(Requirement)
Skip every image and restate the data word for word.

(Data extract)
▼

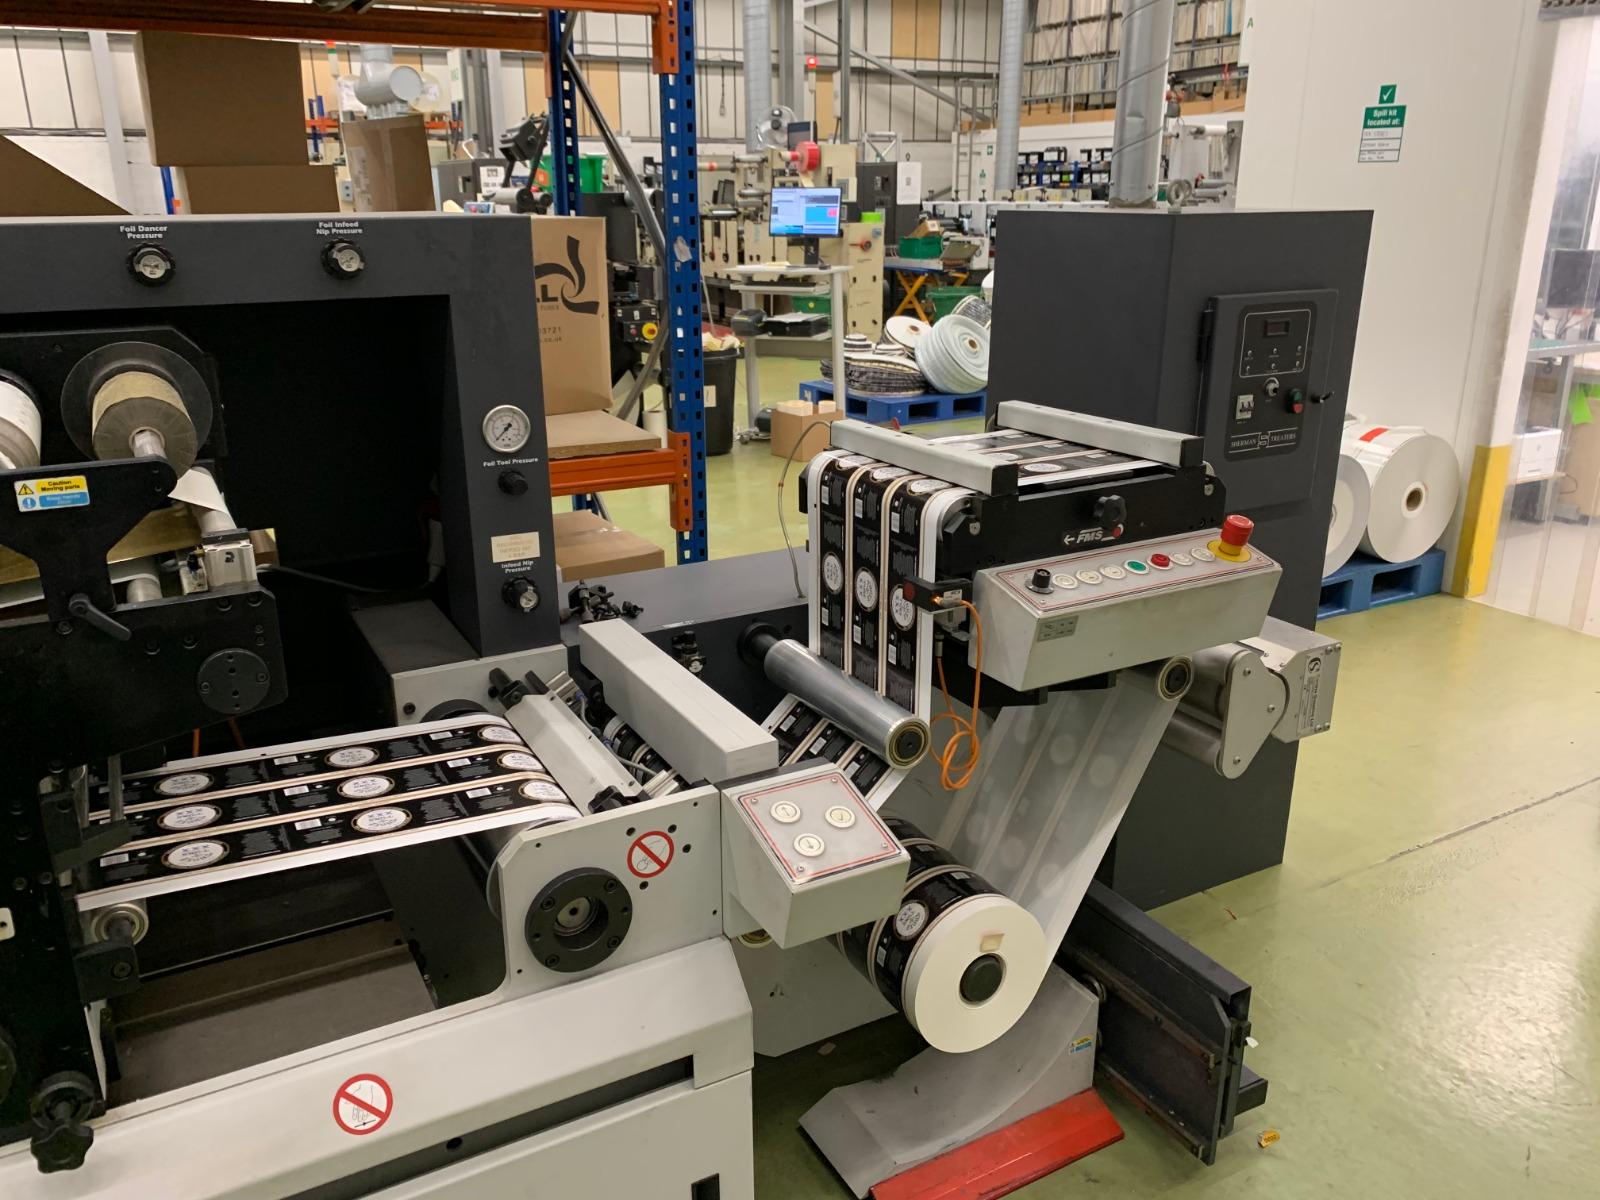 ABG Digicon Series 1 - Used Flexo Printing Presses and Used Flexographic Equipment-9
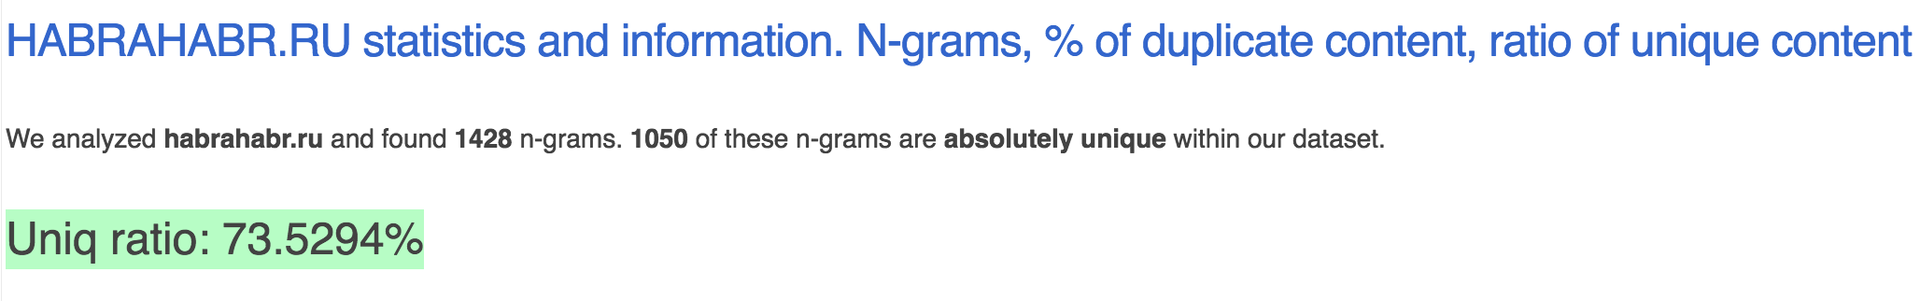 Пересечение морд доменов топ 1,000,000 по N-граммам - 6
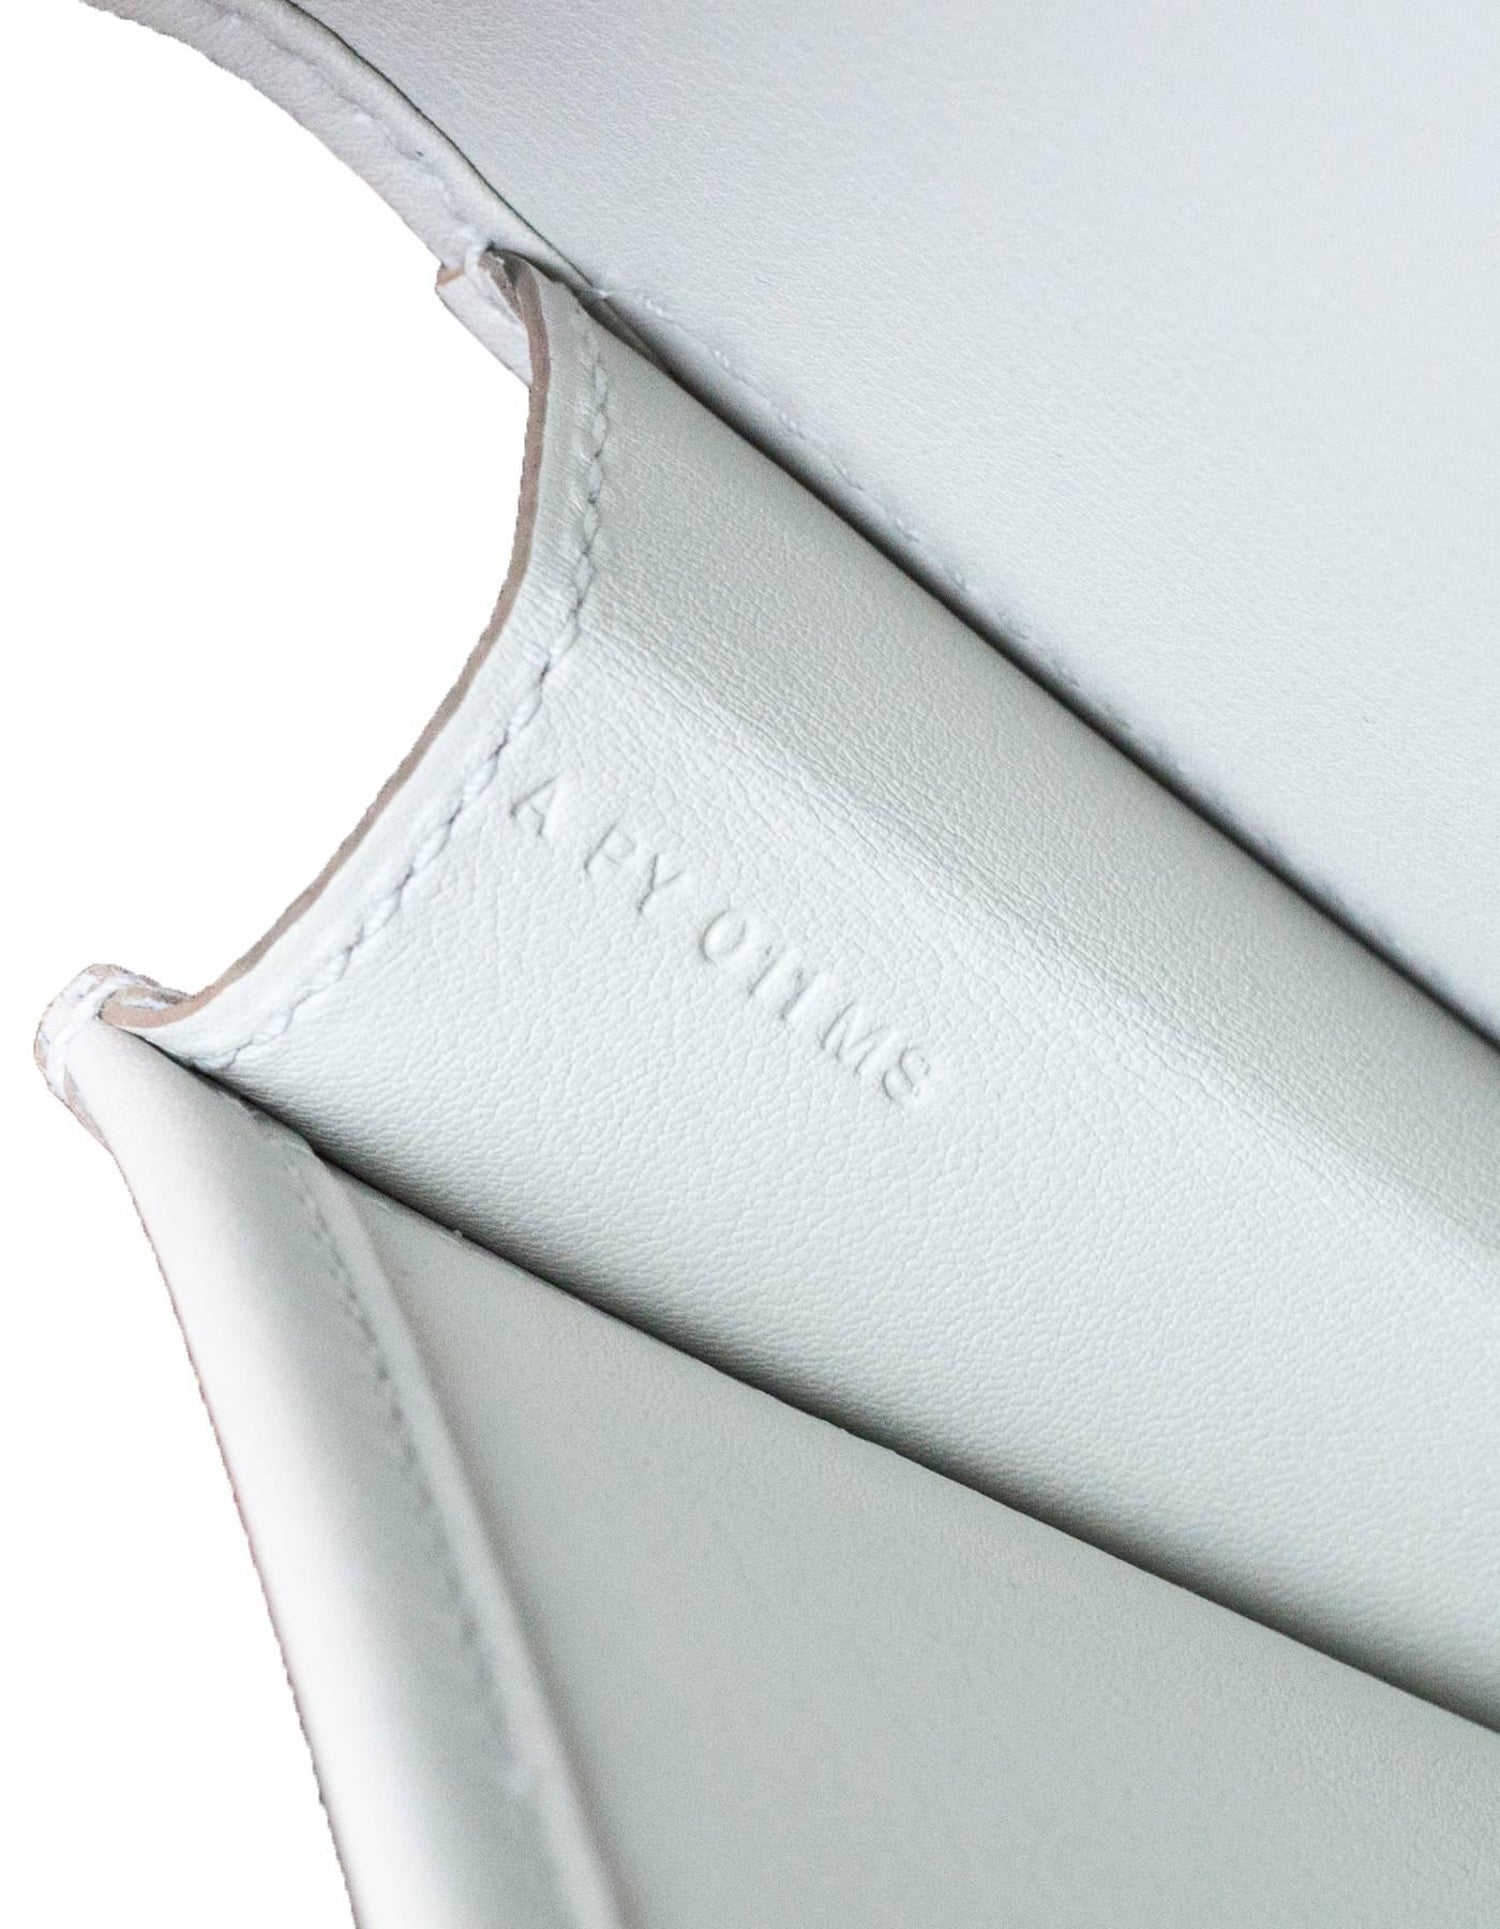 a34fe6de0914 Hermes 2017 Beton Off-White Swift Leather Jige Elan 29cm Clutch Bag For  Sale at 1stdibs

▲

(Response below)
 ABG Digicon Series 1 - Used Flexo Printing Presses and Used Flexographic Equipment-9
 Пересечение морд доменов топ 1,000,000 по N-граммам - 6
 a34fe6de0914 Hermes 2017 Beton Off-White Swift Leather Jige Elan 29cm Clutch Bag For  Sale at 1stdibs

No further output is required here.